Supply to 142 countries underway as part of the unprecedented effort to bring
broad and equitable access to the vaccine

“AstraZeneca with its partner Serum Institute of India
will be the biggest initial supplier to COVAX
 

“The first of many millions of doses of AstraZeneca’s COVID-19 vaccine have begun arriving in low and middle-income countries across the world through the multilateral COVAX initiative, the first steps in fulfilling the Company’s efforts to provide broad and equitable access to the vaccine.

“First COVAX shipments were dispatched late last week to Ghana and Cote D’Ivoire, and more are due to begin arriving this week in countries including the Philippines, Indonesia, Fiji, Mongolia and Moldova. This supply represents the first COVID-19 vaccine for many of these countries.

“Further shipments will arrive in the coming weeks with the aim of supplying a total of 142 countries with hundreds of millions of doses of the vaccine in the coming months. The majority of these doses, manufactured by AstraZeneca and its licence partner Serum Institute of India, will go to low and middle-income countries.

“Pascal Soriot, Chief Executive Officer, Astra Zeneca, said: ‘These first steps towards fulfilling our broad, equitable and no-profit emergency response to the pandemic mean millions of people, irrespective of their country’s income level, will soon be protected against this deadly virus. This is a moment of great pride for us at AstraZeneca and I am extremely grateful to our partners including Gavi, CEPI and Oxford University for their hard work and dedication in order to make this humanitarian ideal a reality for many millions of people around the world.’

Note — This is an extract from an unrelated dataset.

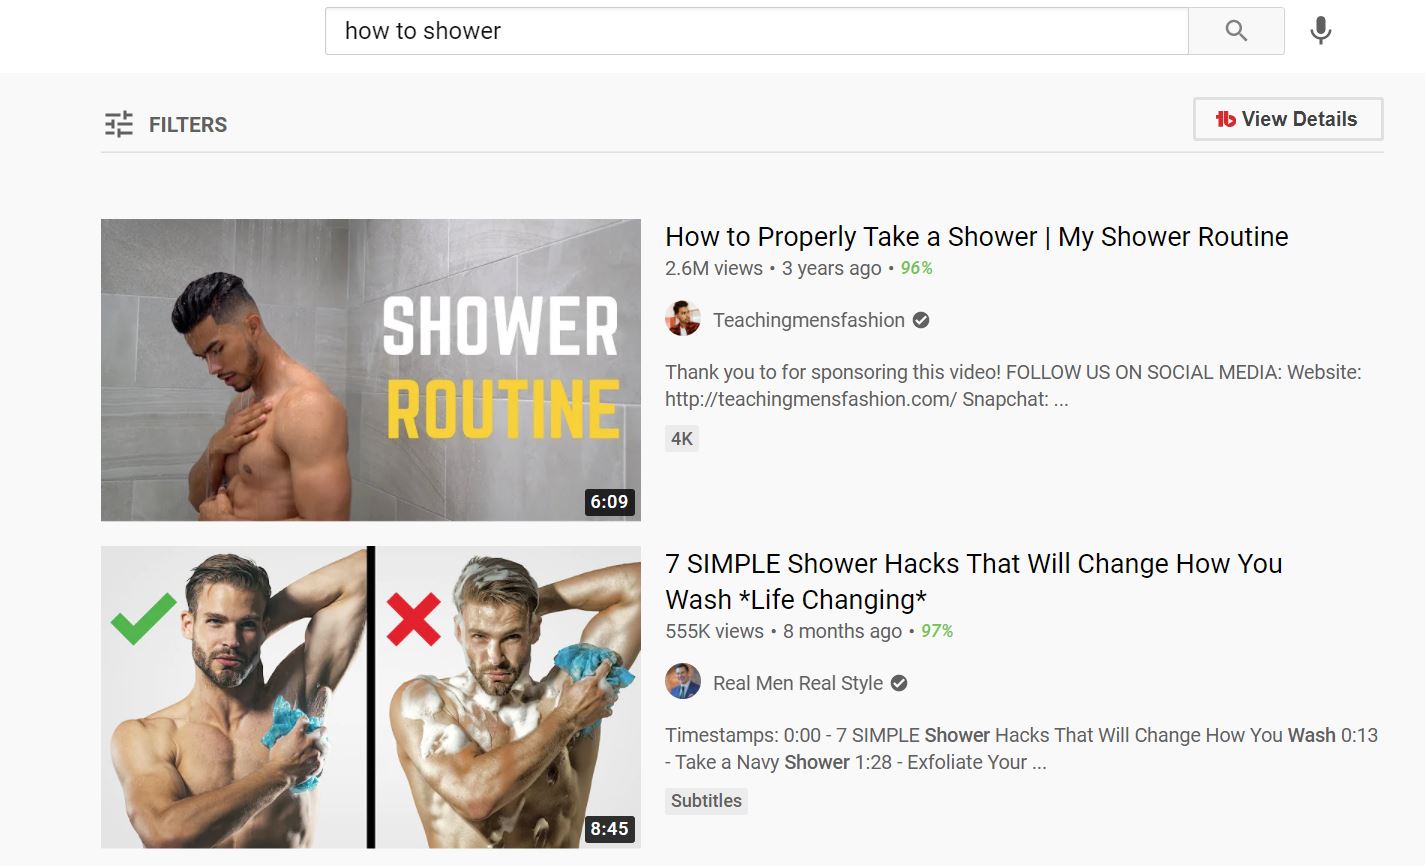 How to shower
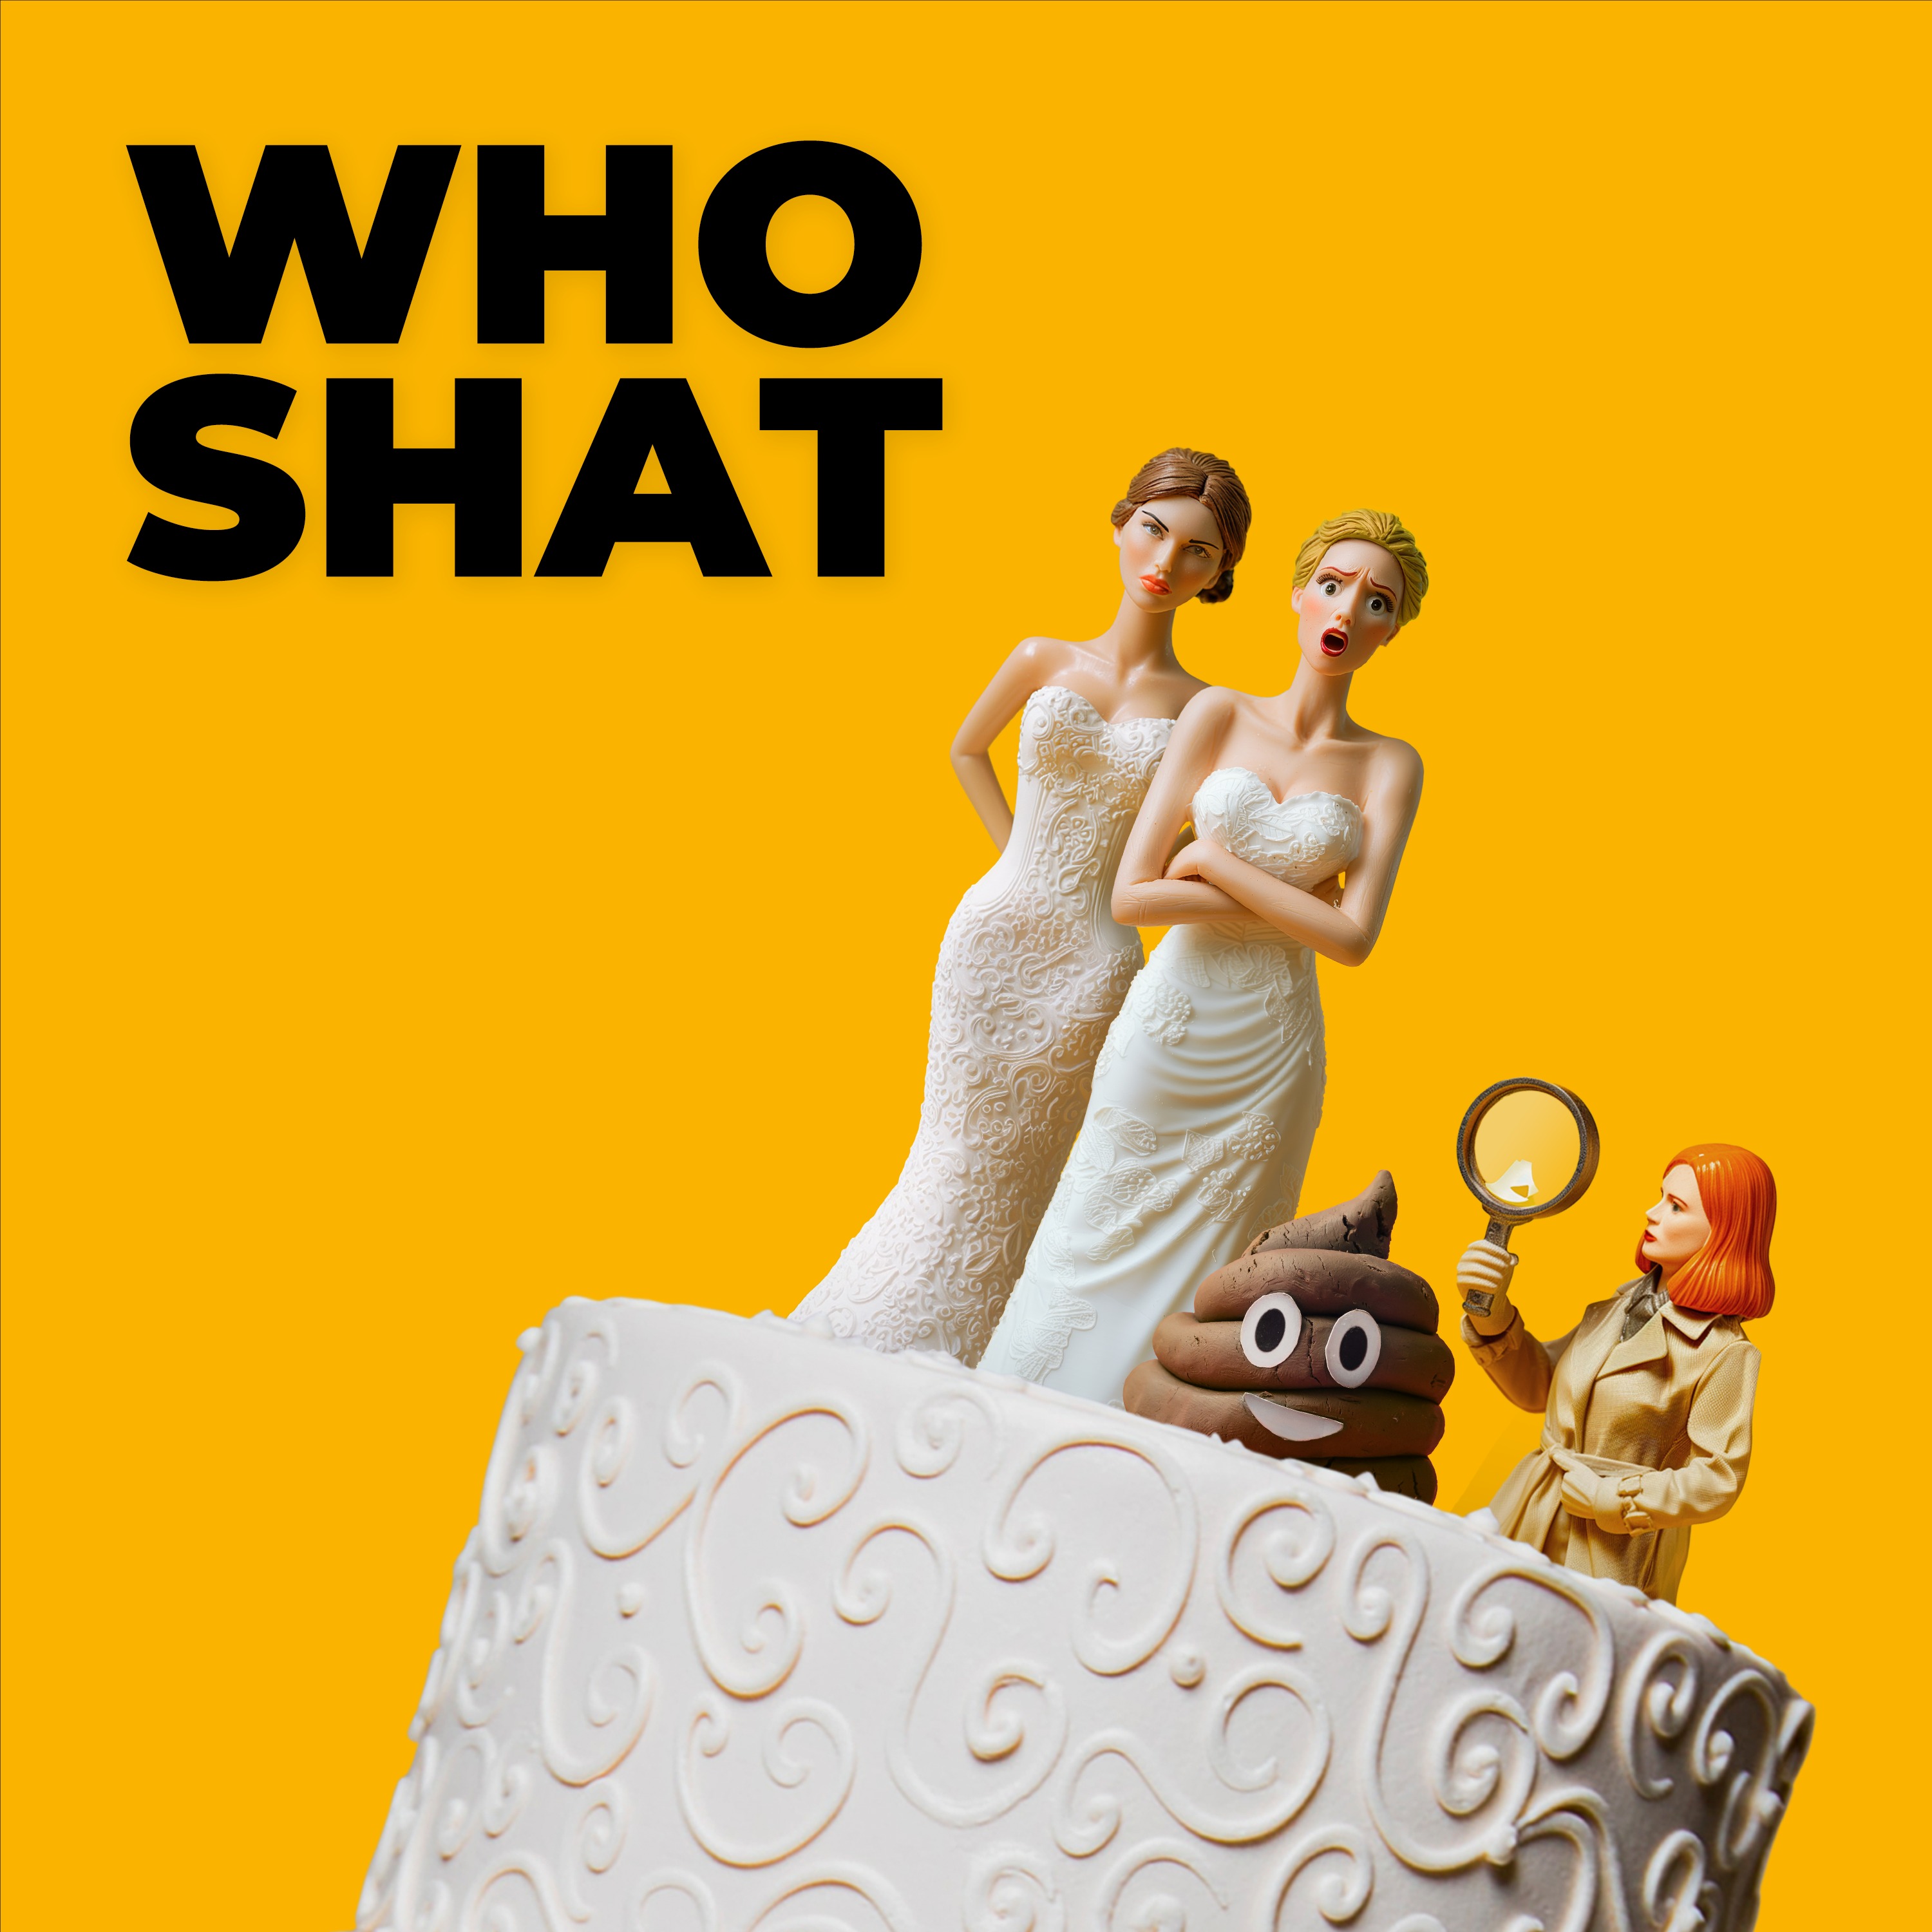 Who shat on the floor at my wedding? And other crimes podcast show image

“Seth Berkley, Chief Executive Officer, Gavi, said: ‘Global, equitable access to COVID-19 vaccines is only possible when the public and private sectors work together. When we launched the Gavi COVAX Advance Market Commitment in June 2020, our first Agreement was with AstraZeneca. Nine months later, the first doses are already being delivered to those that need them most. This is the beginning of COVAX’s effort to end the acute phase of the pandemic, not the end, but we can all take strength from this moment and I thank AstraZeneca and the University of Oxford for their support and partnership at every step of our journey.’

“Vaccine shipments have been allocated according to the COVAX Allocation Framework which determines volume per participating country based on a number of factors, including country readiness, national regulatory authorisations and national vaccination plans in place. The supply through COVAX follows the recent Emergency Use Listing by the World Health Organization (WHO) for active immunisation in individuals 18 years of age and older, which provides a vital and accelerated pathway to enable supply.

“AstraZeneca was the first global pharmaceutical company to join COVAX in June 2020 in line with the Company’s shared commitment to global, equitable access to vaccines.

“The vaccine can be stored, transported and handled at normal refrigerated conditions (2-8 degrees Celsius/36-46 degrees Fahrenheit) for at least six months and administered within existing healthcare settings.”

The “third way” sought by the WTO Director-General has been underway for some time and is picking up speed as vaccines start to be approved. There are an increasing number of announced agreements among producers to work together to expand production of particular vaccines. Thus, collaboration and cooperation among producers has and is occurring. Governments can help by identifying bottlenecks in all areas relevant to raw materials, intermediate products, finished vaccine doses, distribution and resources to apply the vaccines and helping to resolve the bottlenecks; by encouraging increased ramp ups of capacity and production, including through licensing.

A broad waiver of TRIPS obligations as being pursued by India, South Africa and many other developing and least developed countries is unwise, unlikely to be agreed to, and if implemented, will backfire in terms of global cooperation in getting the world’s population vaccinated and will destroy the likelihood of private sector engagement to solve future pandemics. The EU’s approach as laid out in EU Ambassador João Aguiar Machado’s statement on March 2 is likely the best course forward whether through the WTO or otherwise.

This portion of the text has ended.